Written by Andrew Fontana
Aquaman has always been a character that danced the line between cheesy hero and brooding monarch with an odd sense of fashion, whose everyman background clashed with the byzantine traditions of the underwater kingdom he happens to rule. Geoff Johns successfully navigated these two extremes during his run, and his work still stands as the benchmark upon which all successive writers of the characters are to be judged. Dan Abnett is respectful of all that came before, and if anything, his previous arc invoked Johns’ take on the character a bit too heavily. With this issue he takes a different approach , one that has been absent with the Aquaman book of the past few years: the cheese factor.
When a monstrous figure stomps its way to the borders of Atlantis, Aquaman leads his soldiers into a futile battle against a foe that seemingly absorbs all their attacks. Scott Eaton’s pencils portray this extended fight scene admirably. We get a sense of genuine urgency and scale through Eaton’s clean lines, without a single panel being hampered by clutter. My only real complaint where the artwork is concerned are the colors, which come off as too muted for a comic with such bombastic action. Perhaps that was the intent, given the underwater locale, but I like Aquaman’s chainmail chest armor to have a bit of a gleam.
Abnett has a good handle on Aquaman and his supporting cast, giving each of the supporting characters a distinctive voice. Having the grizzled warrior Murk say stuff like “Neptune’s balls” is an example of this, and the slight cheesiness of the dialogue gives the entire proceedings the air of a blockbuster action movie. Having the monster be The Shaggy Man, an obscure Justice League villain, was also a fun reveal.

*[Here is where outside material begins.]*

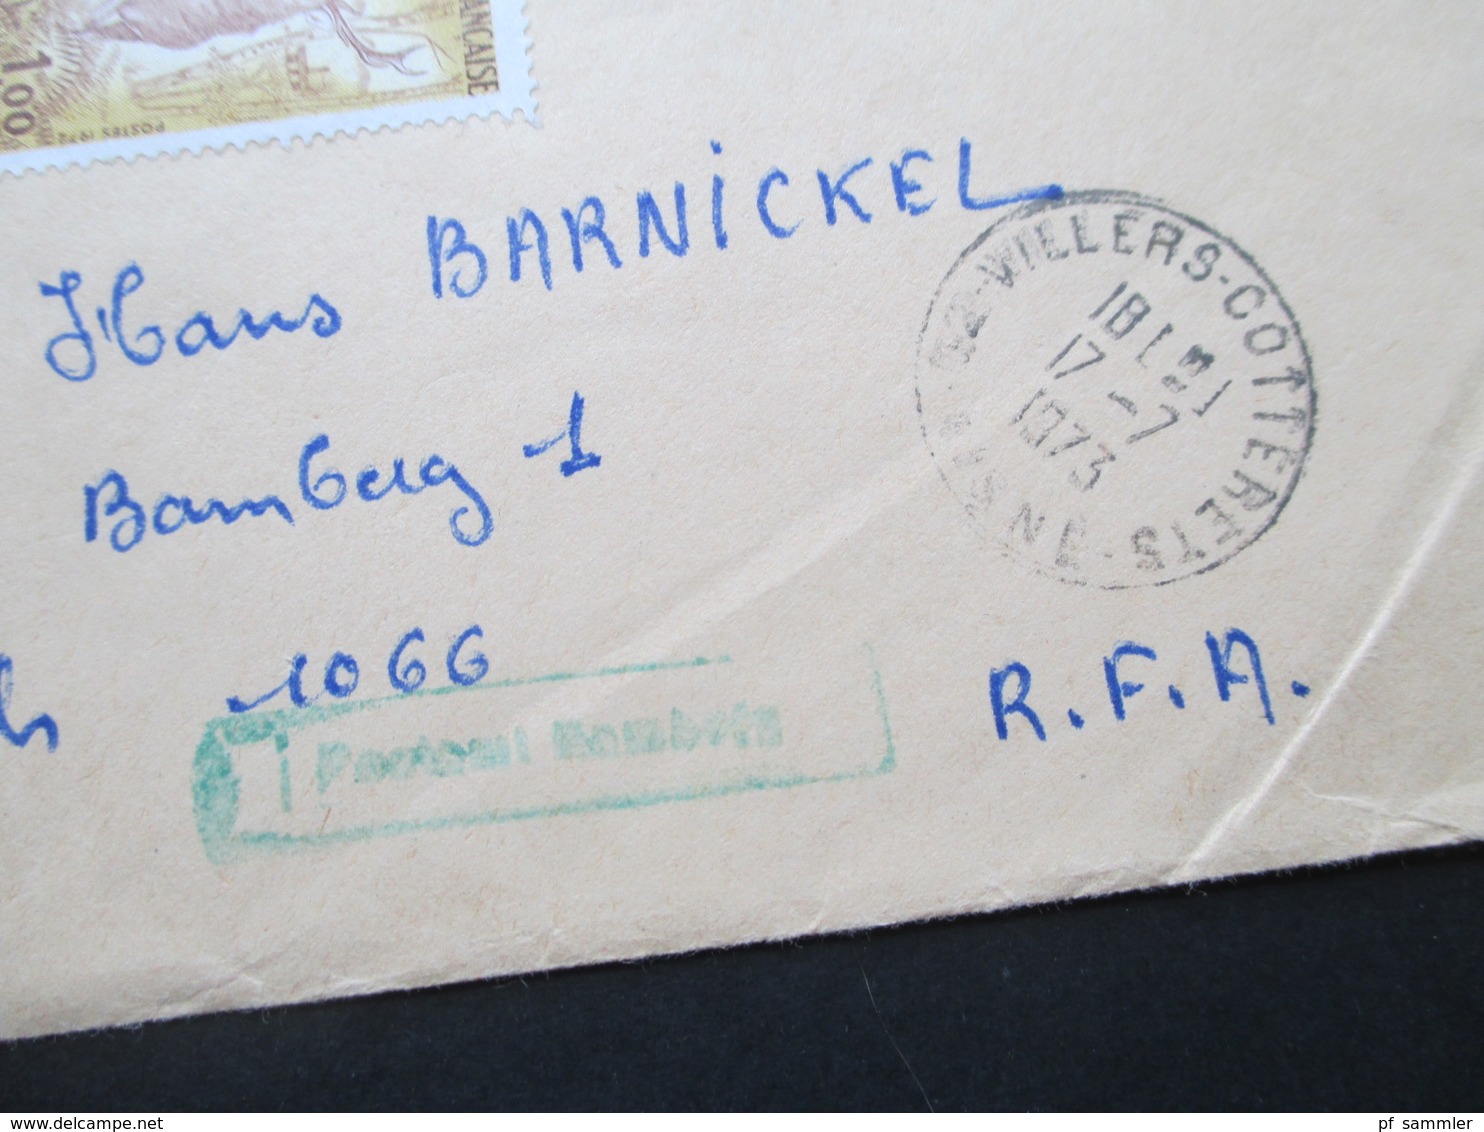 Frankreich 1973 Einschreiben / R-Brief R-Zettel Gestempelt Villers - Cotterets Mit Zollaufkleber Douane Nach Bamberg - Storia Postale
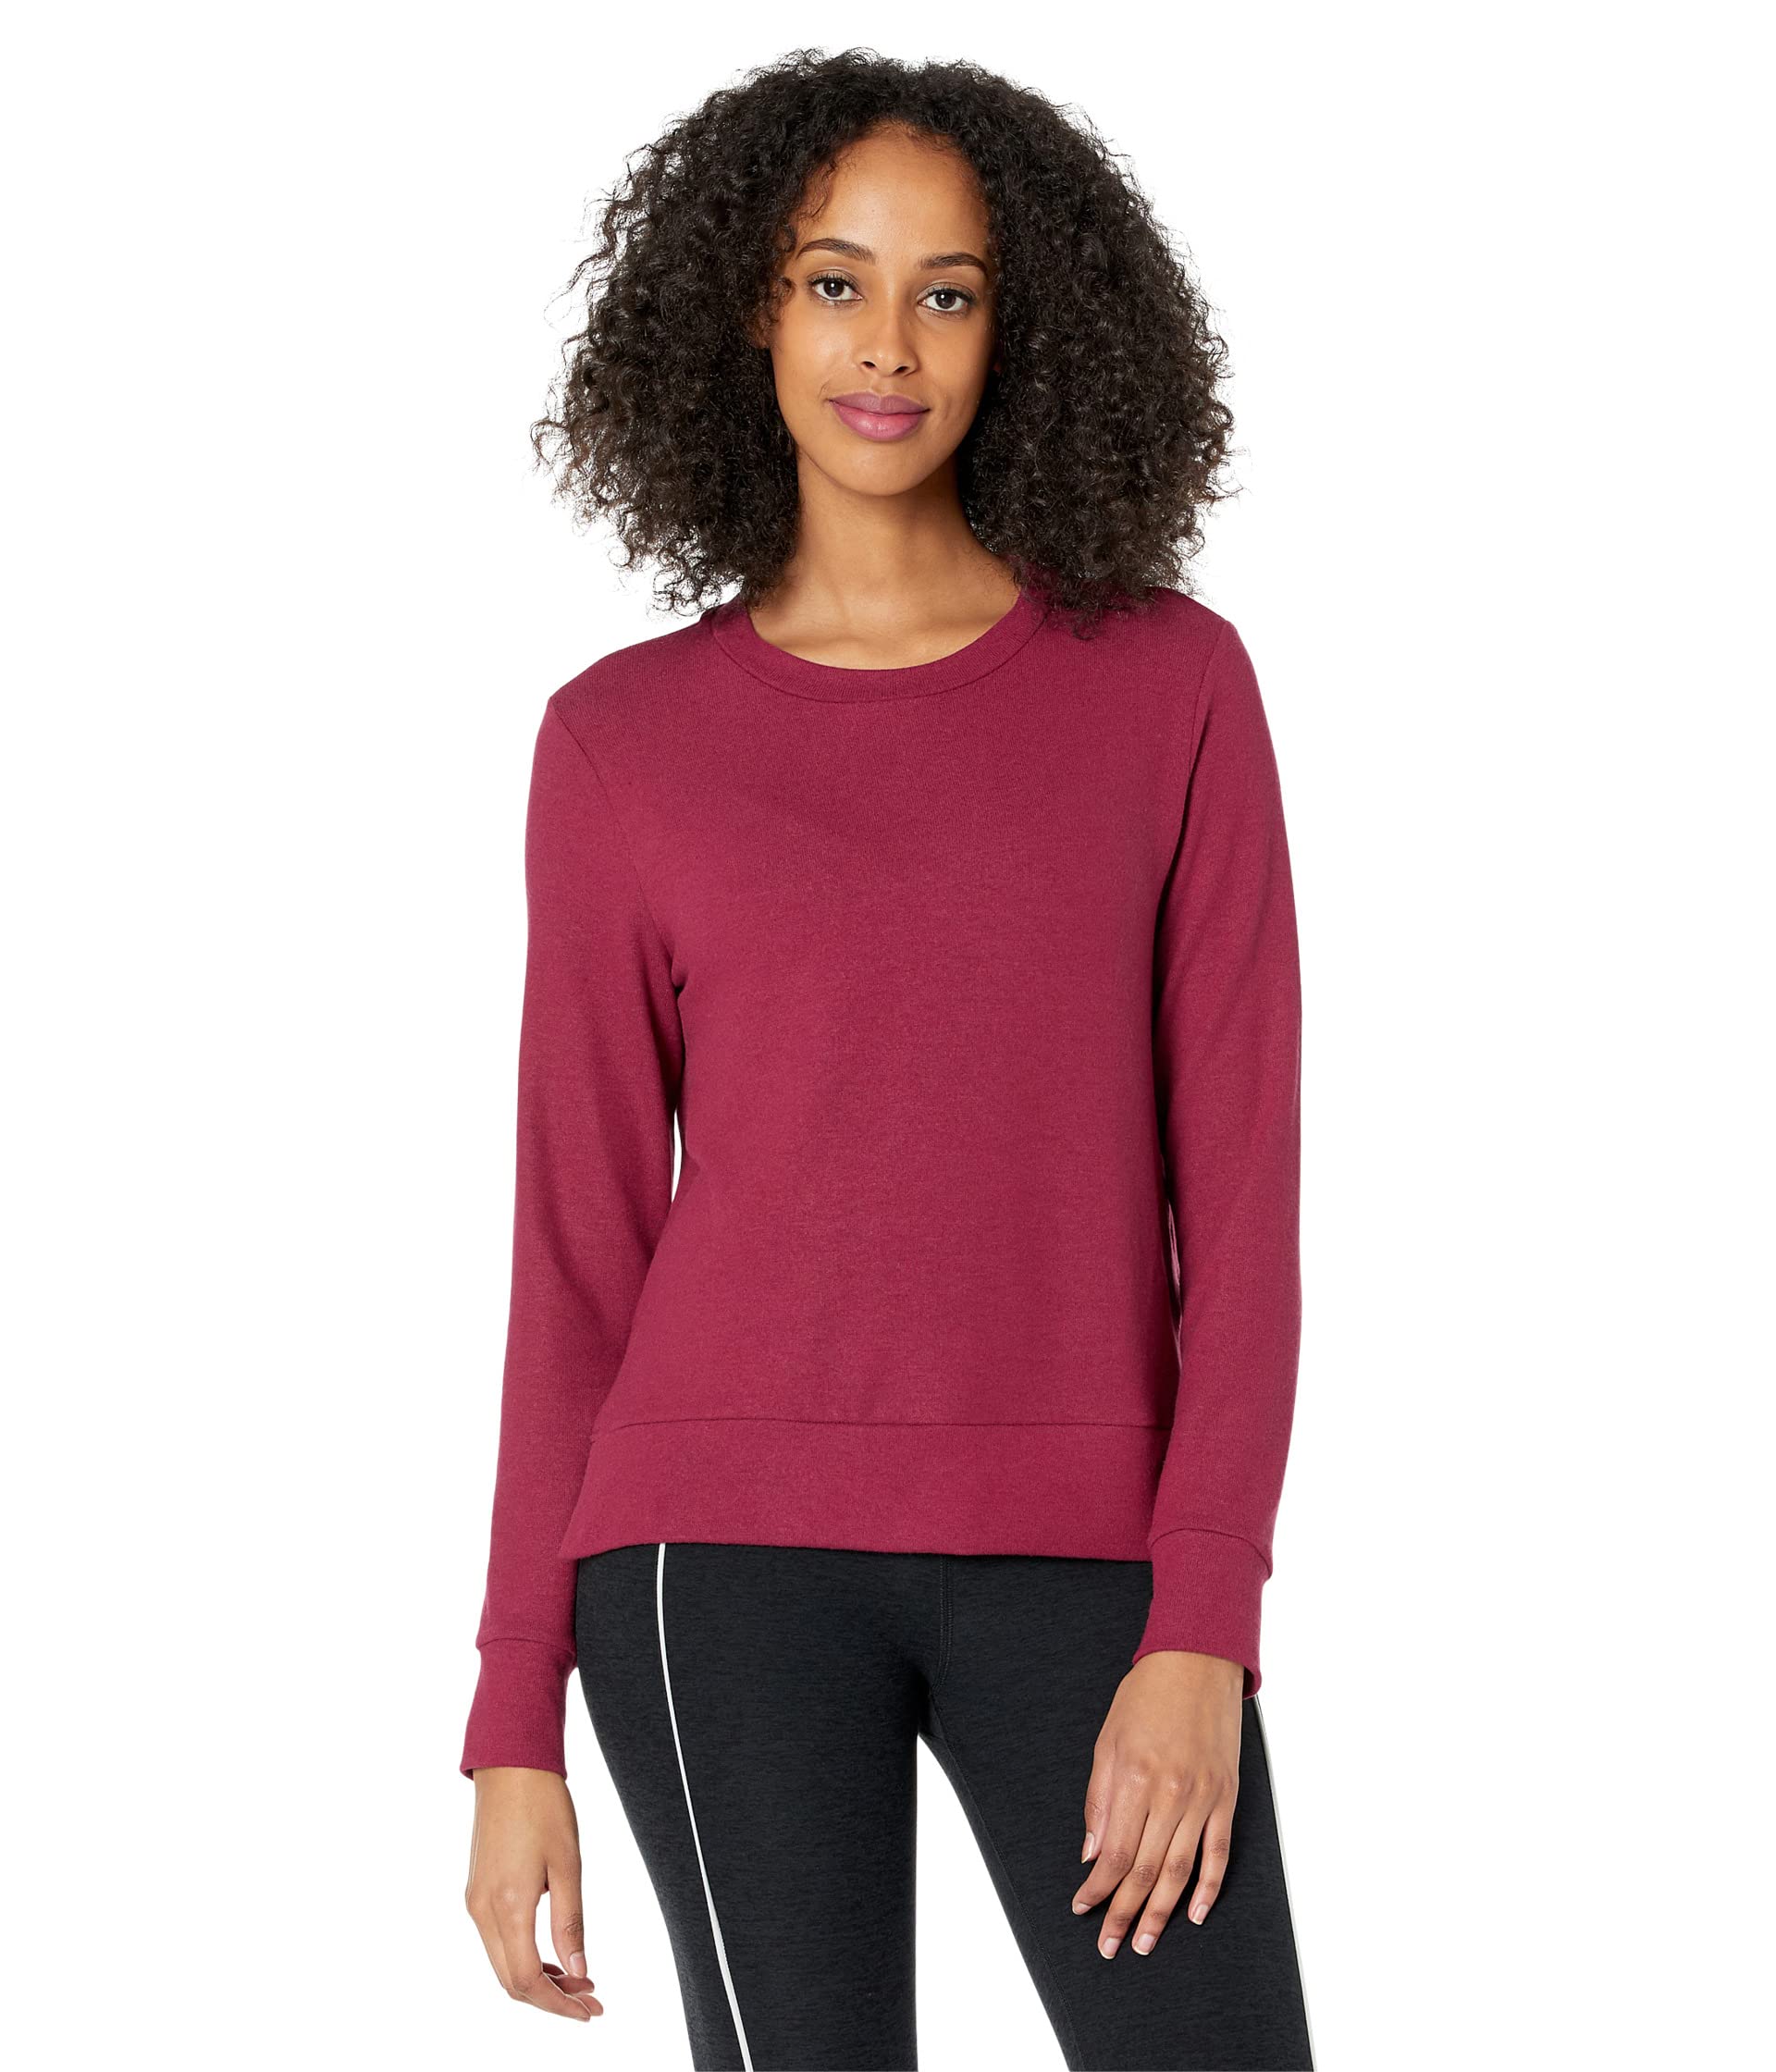 Пуловер Beyond Yoga, Side Slit Long Sleeve Pullover пуловер beyond yoga side slit long sleeve pullover цвет garnet red

Unfortunately, Mera’s subplot hinders the issue’s momentum with yet another storyline about her failing to find her place among the Atlanteans. Johns had previously explored that dynamic during his run, and to have it rehashed again here feels like a waste of her character. Her studies at the Tower of Widowhood add a nice touch of world building to Abnett’s Atlantis, but it definitely feels incongruent to the main plot. I’m still on board with the current arc despite some misgivings, and I hope that Abnett can maintain the blockbuster tone he establishes here.